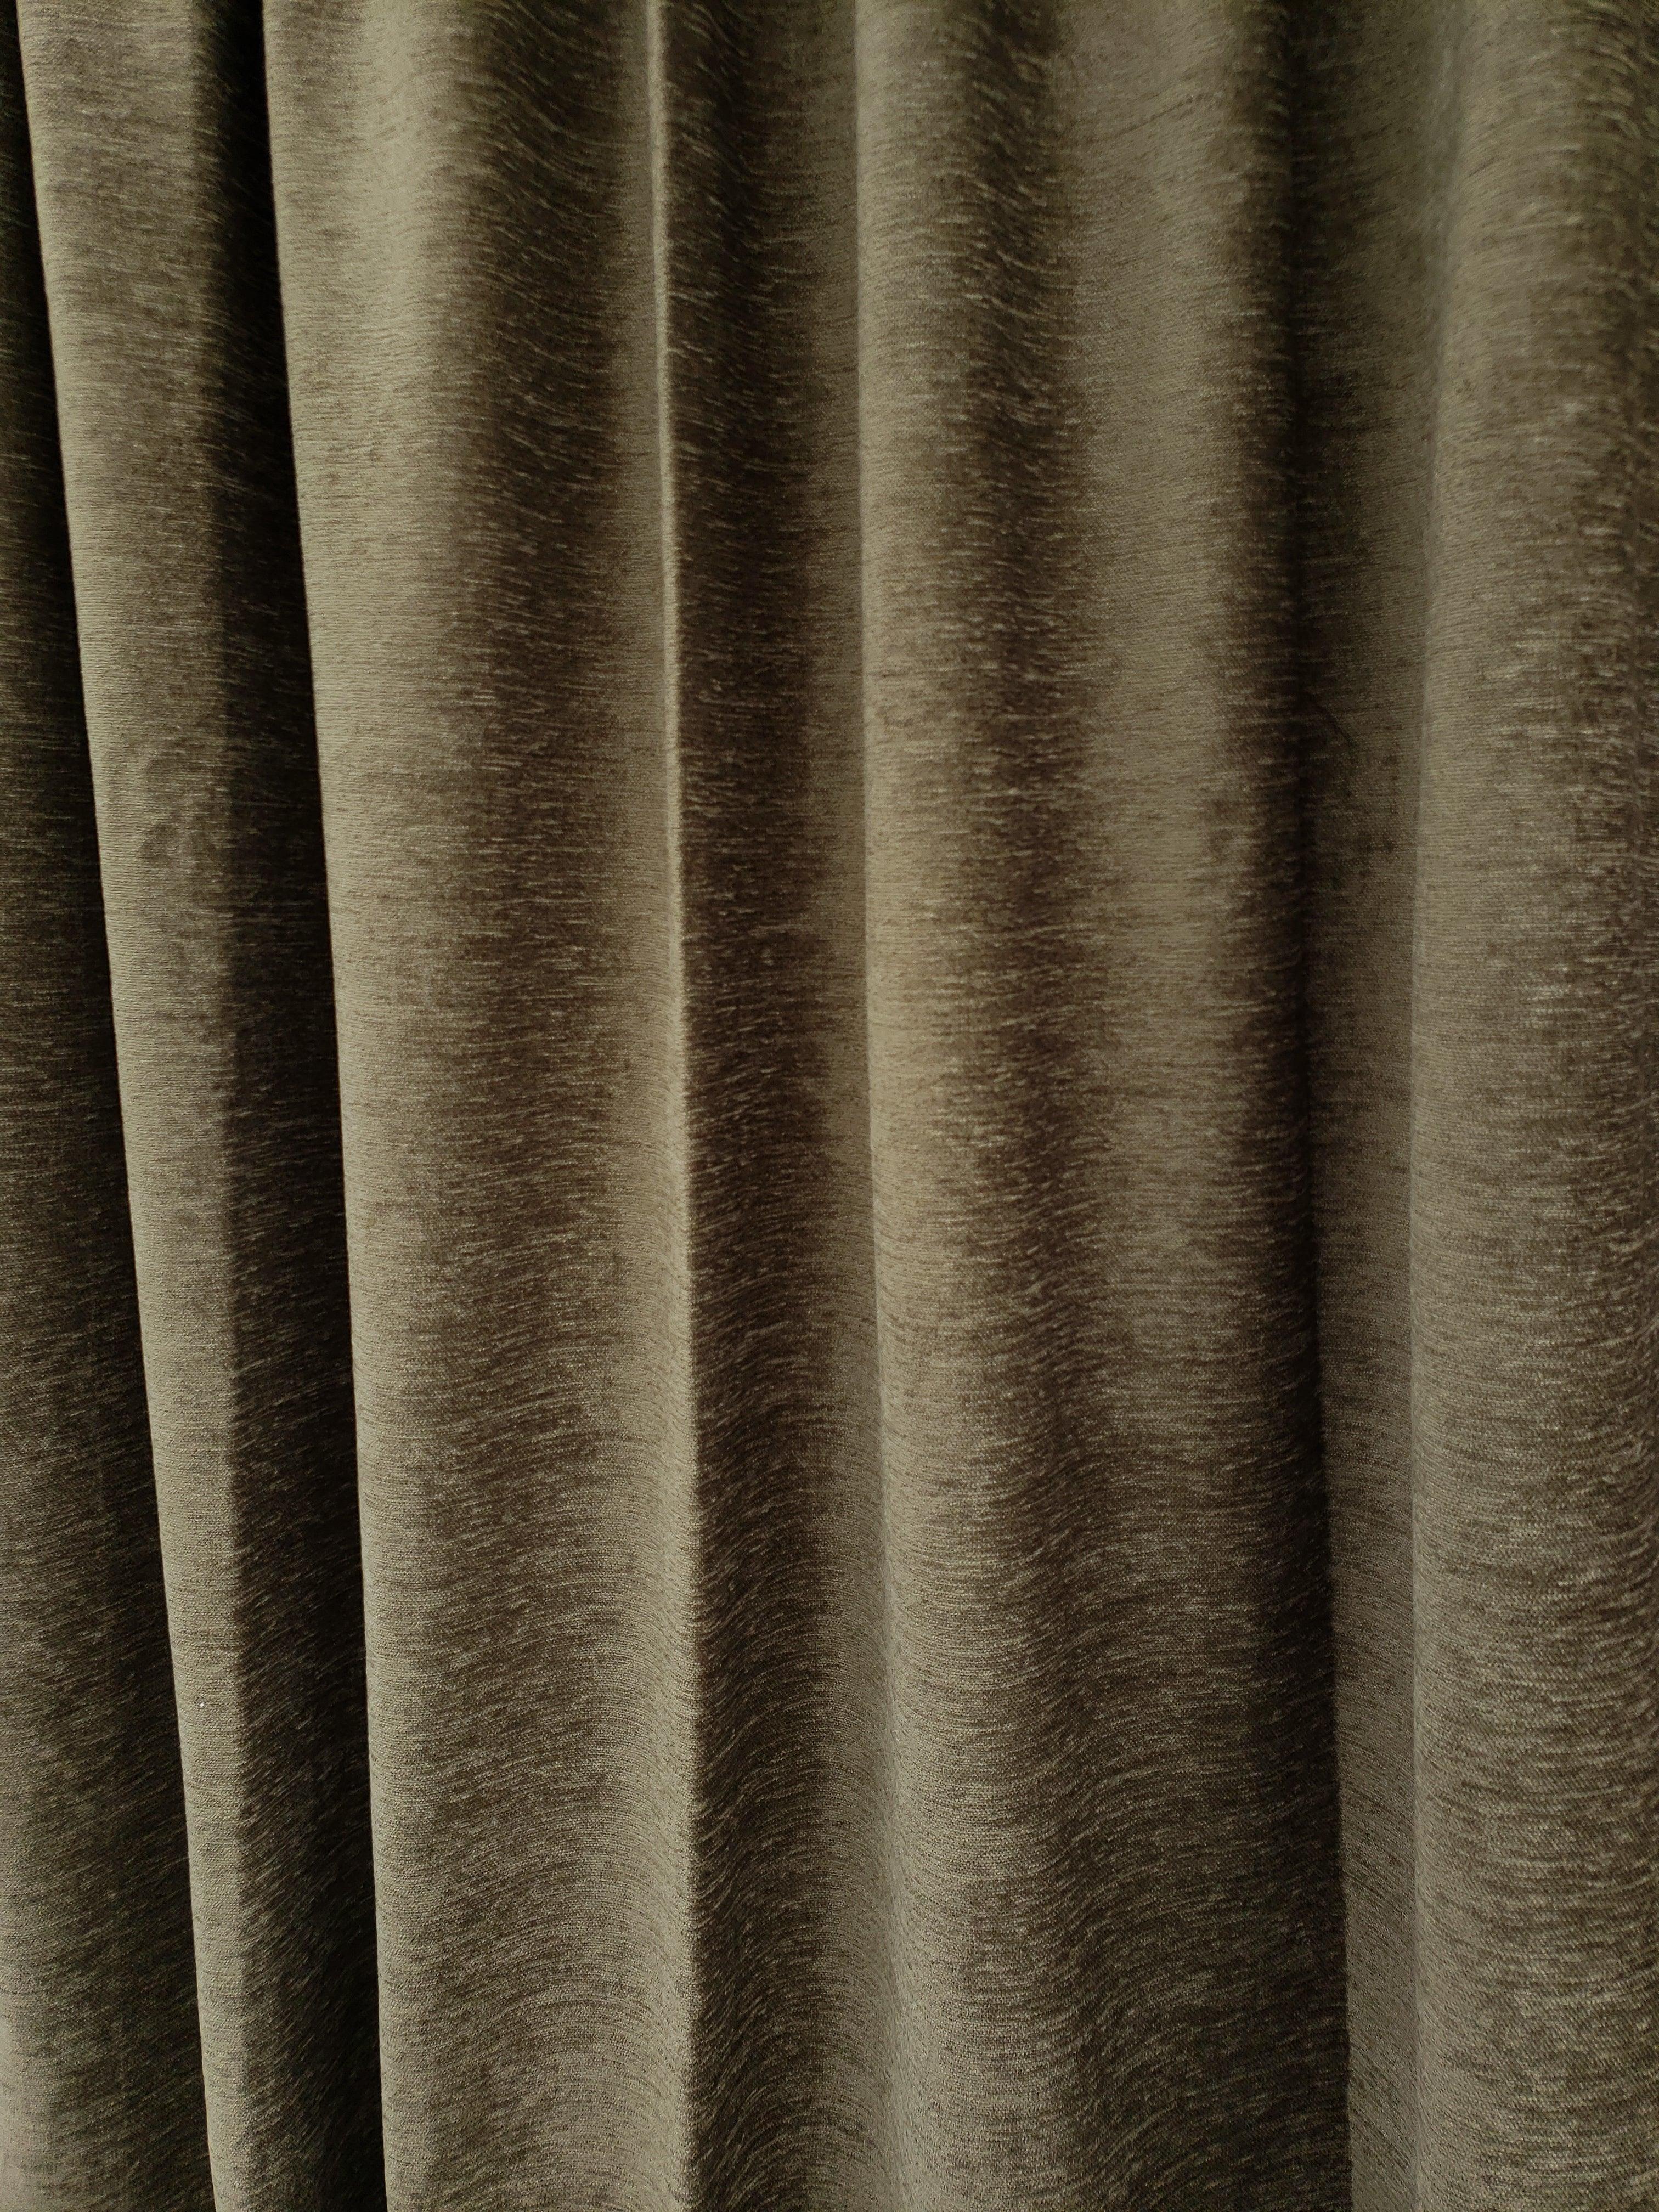 Fire Retardant 100% Polyester Flame Retardant Fabric for Curtain
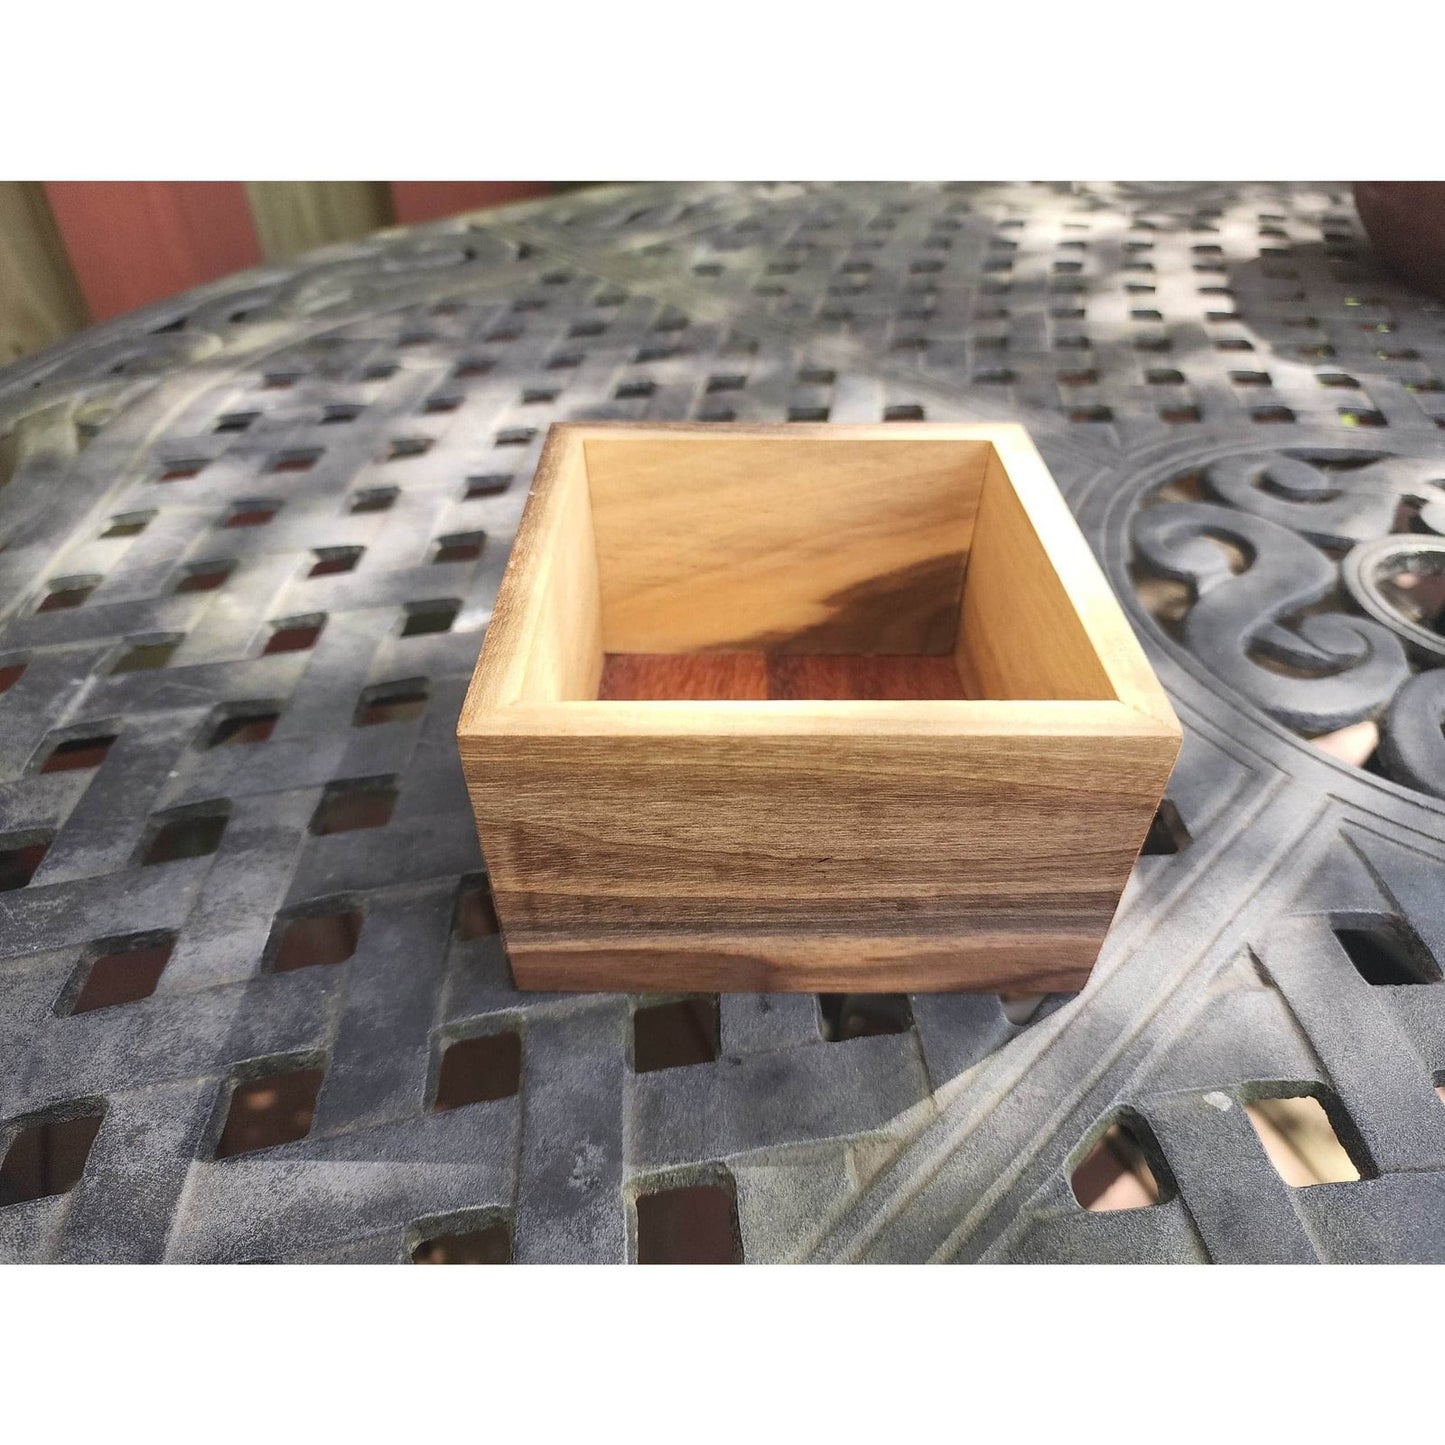 Handcrafted Walnut Box
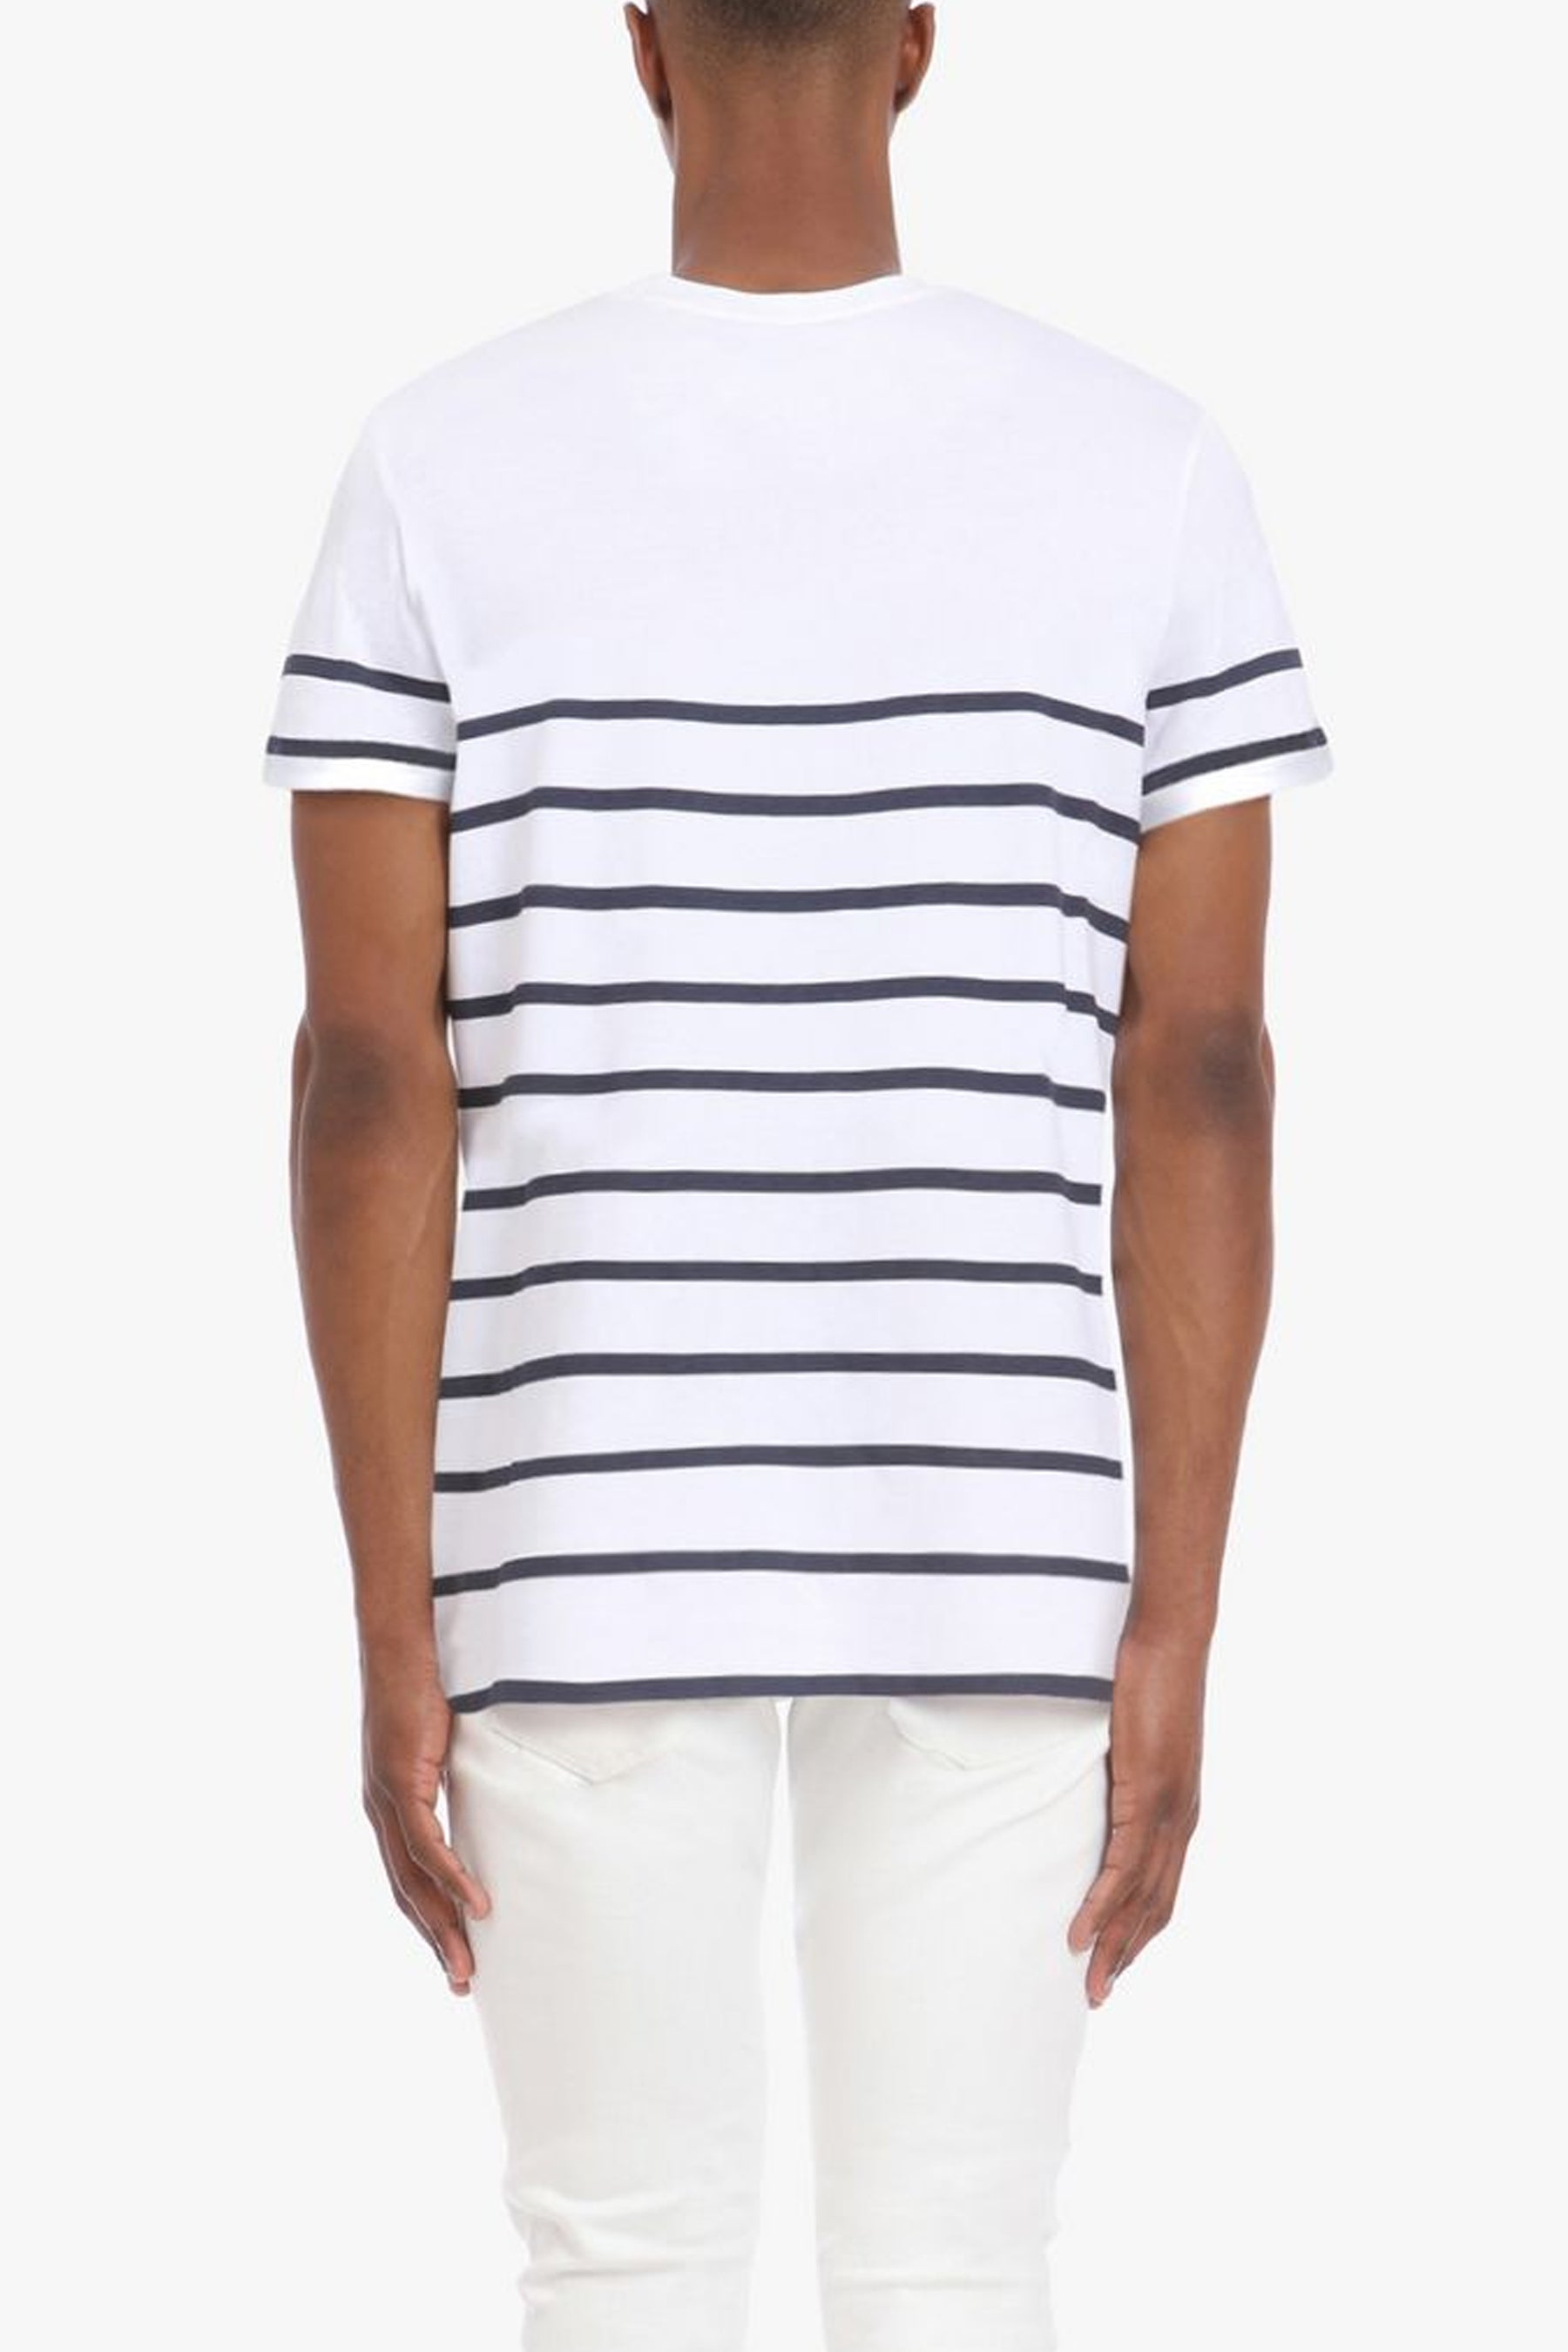 Balmain White and blue striped cotton T-shirt with black logo

TASK STATEMENT
Write out all of the data above exactly, pictures excluded.

WRITTEN RESPONSE
 Fire Retardant 100% Polyester Flame Retardant Fabric for Curtain
 Handcrafted Walnut Box
 Balmain White and blue striped cotton T-shirt with black logo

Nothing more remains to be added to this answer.